Answer
The given statement is true.
Work Step by Step
The remainder theorem is explained as:
When the function $P\left( x \right)$ is divided by $x-r$ then the remainder is $P\left( r \right)$.
Consider an example of a polynomial function:
$P\left( x \right)=6{{x}^{3}}-13{{x}^{2}}-79x+140$
From the remainder theorem, $P\left( 2 \right)$ is the remainder when $6{{x}^{3}}-13{{x}^{2}}-79x+140$ is divided by $\left( x-2 \right)$.
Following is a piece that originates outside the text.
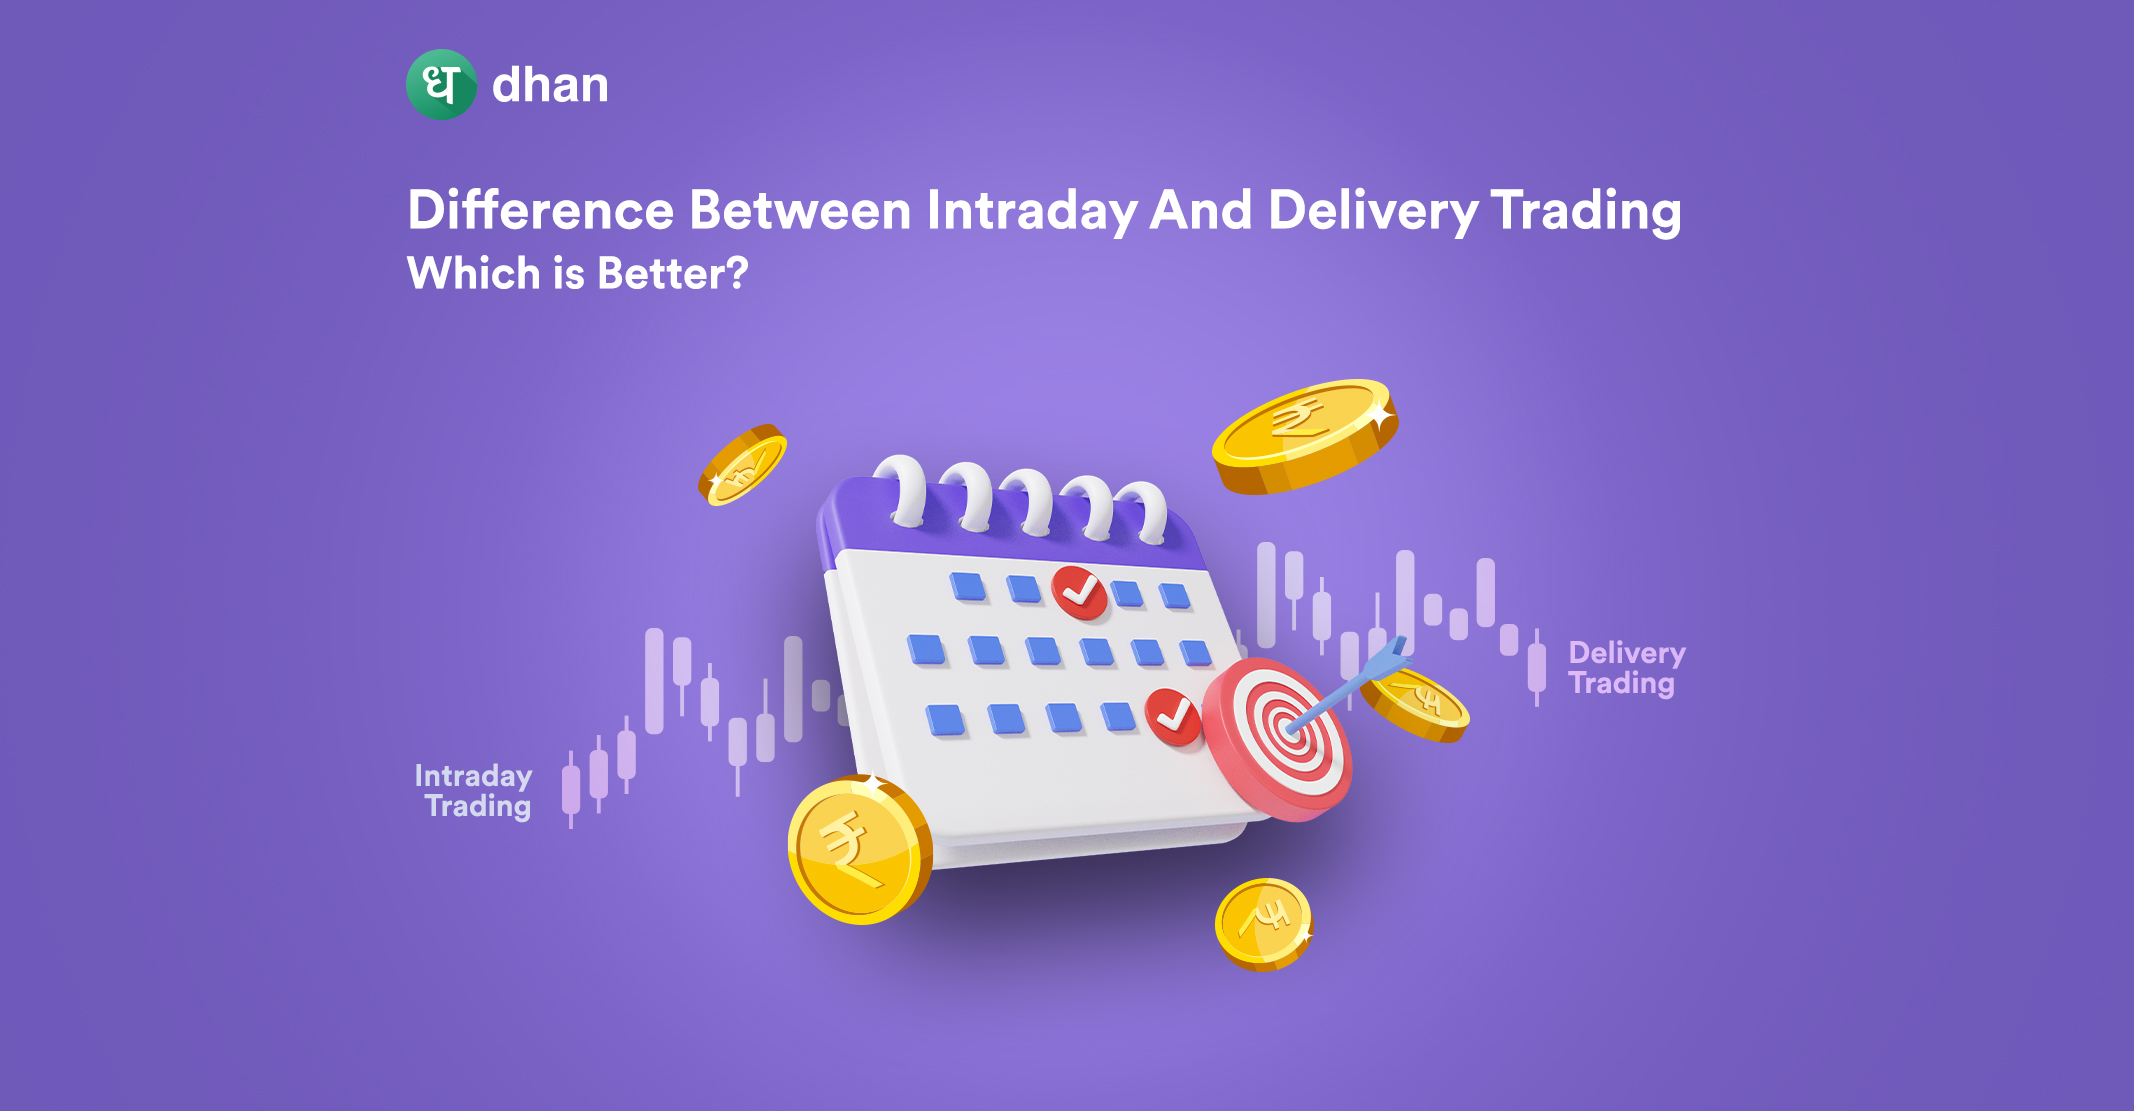 Difference Between Intraday and Delivery - Which is Better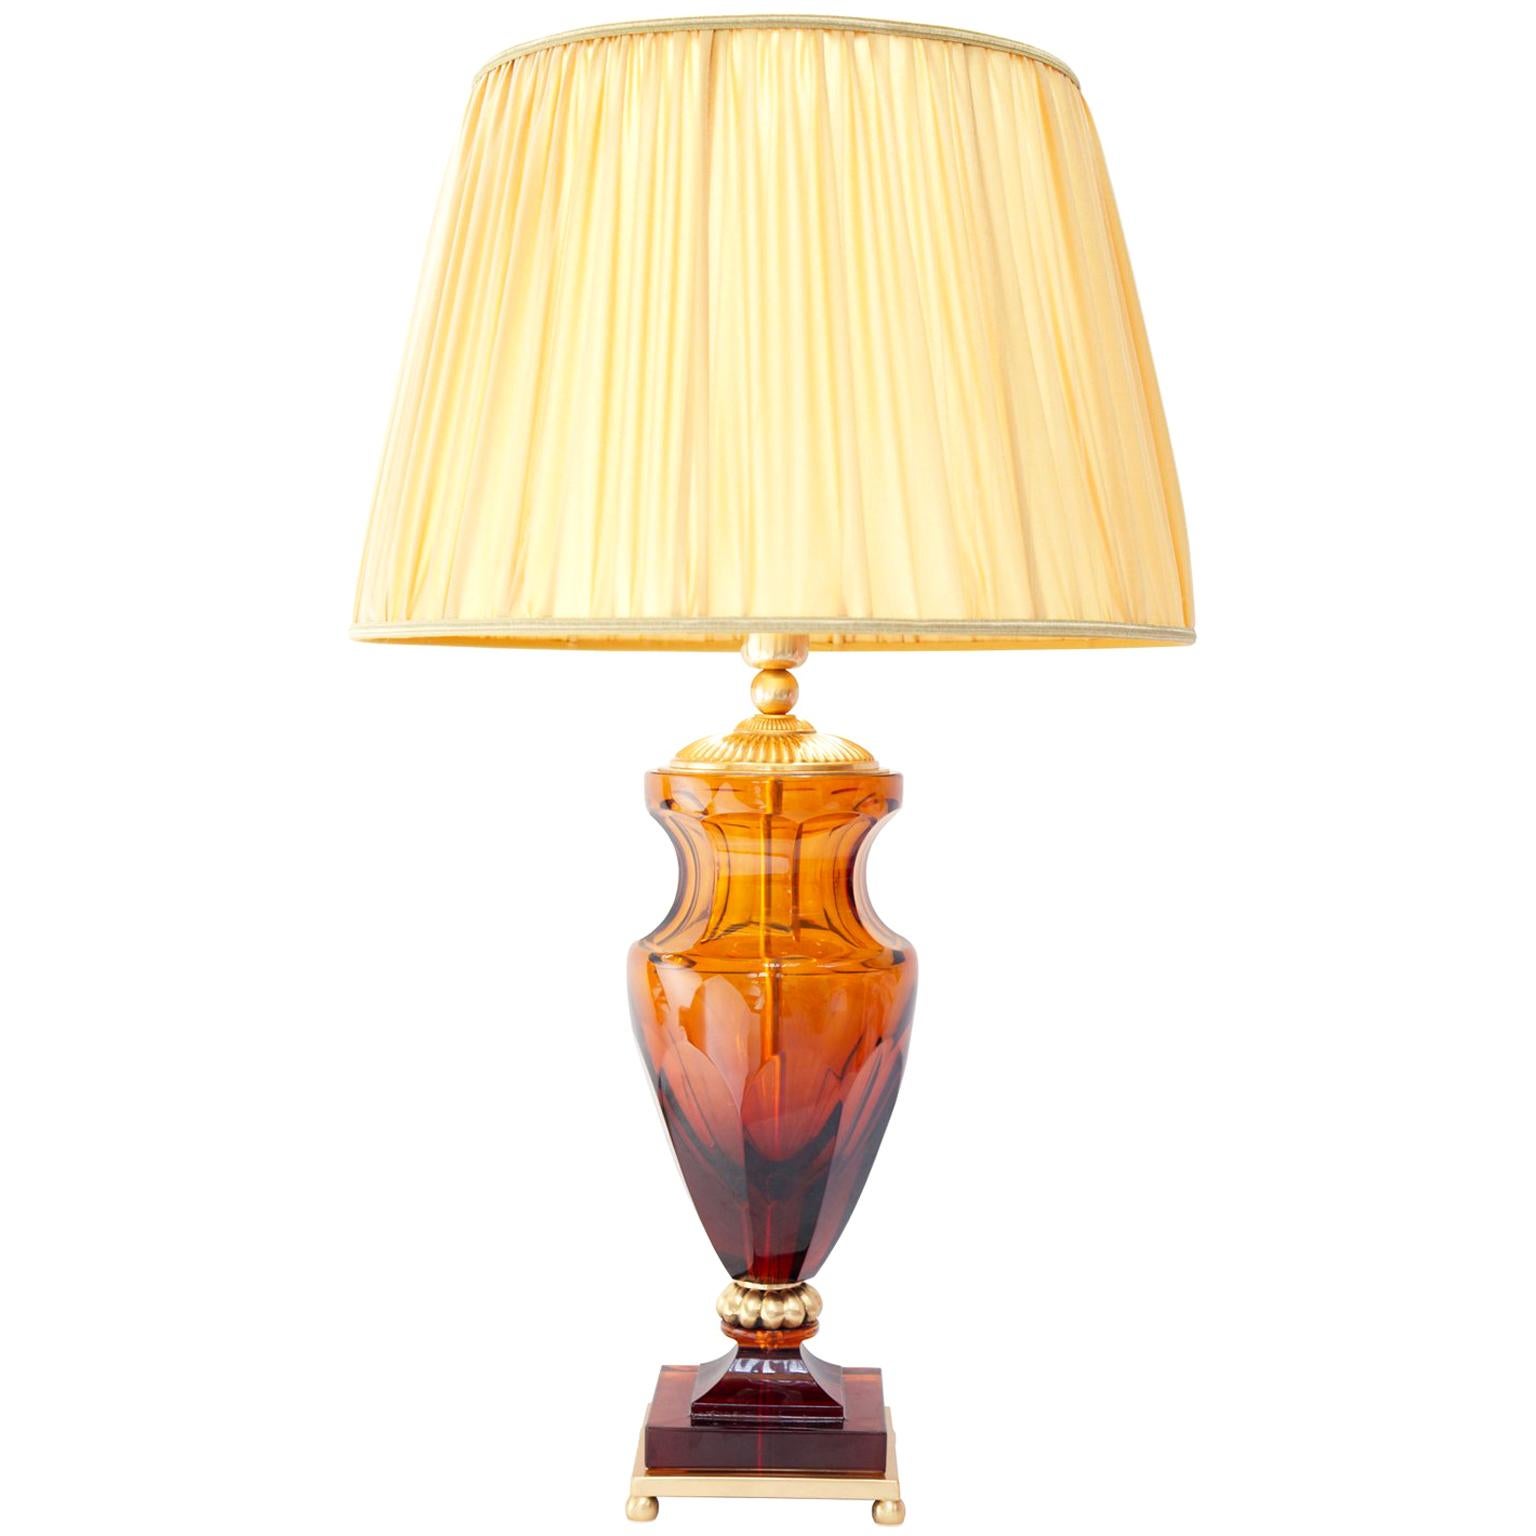 Ugo Poggi Firenze Handcrafted Crystal Table Lamp Vallombrosa For Sale

The constant term of the divisor is $-2$ with the opposite sign written to left.
The coefficients of the dividend $6,-13,-79,140$ are written to the right.
Now, use synthetic division to find the remainder.
The synthetic division is as follows.
$\begin{array}{c|rrrr}{2}&6&-13&-79&{140}\\&&12&-2&{2} \cdot {-81}={-162}\\\hline&6&-1&{-81}&\left({140}\right)+{-162}={-22}\end{array}$
So, the remainder is \[-22\]
When, $\left( x-2 \right)$ is a factor then $P\left( 2 \right)=-22$.
Hence, for this function, when $x-2$ is a factor of some polynomial $P\left( x \right)$, then $P\left( 2 \right)=0$ is false.
Now, consider another example of polynomial function:
$P\left( x \right)={{x}^{3}}+6{{x}^{2}}-x-30$
From the remainder theorem, $P\left( 2 \right)$ is the remainder when${{x}^{3}}+6{{x}^{2}}-x-30$ is divided by $\left( x-2 \right)$.
The constant term of the divisor is $-2$ with the opposite sign written to left.
The coefficients of the dividend $1,6,-1,-30$ are written to the right.
Now, use synthetic division to find the remainder.
The synthetic division is as follows.
$\begin{array}{c|rrrr}{2}&1&6&-1&{-30}\\&&2&16&{2} \cdot {15}={30}\\\hline&1&8&{15}&\left({-30}\right)+{30}={0}\end{array}$
So, the remainder is $0$.
When, $\left( x-2 \right)$ is a factor then$P\left( 2 \right)=0$.
Therefore, the given statement is true.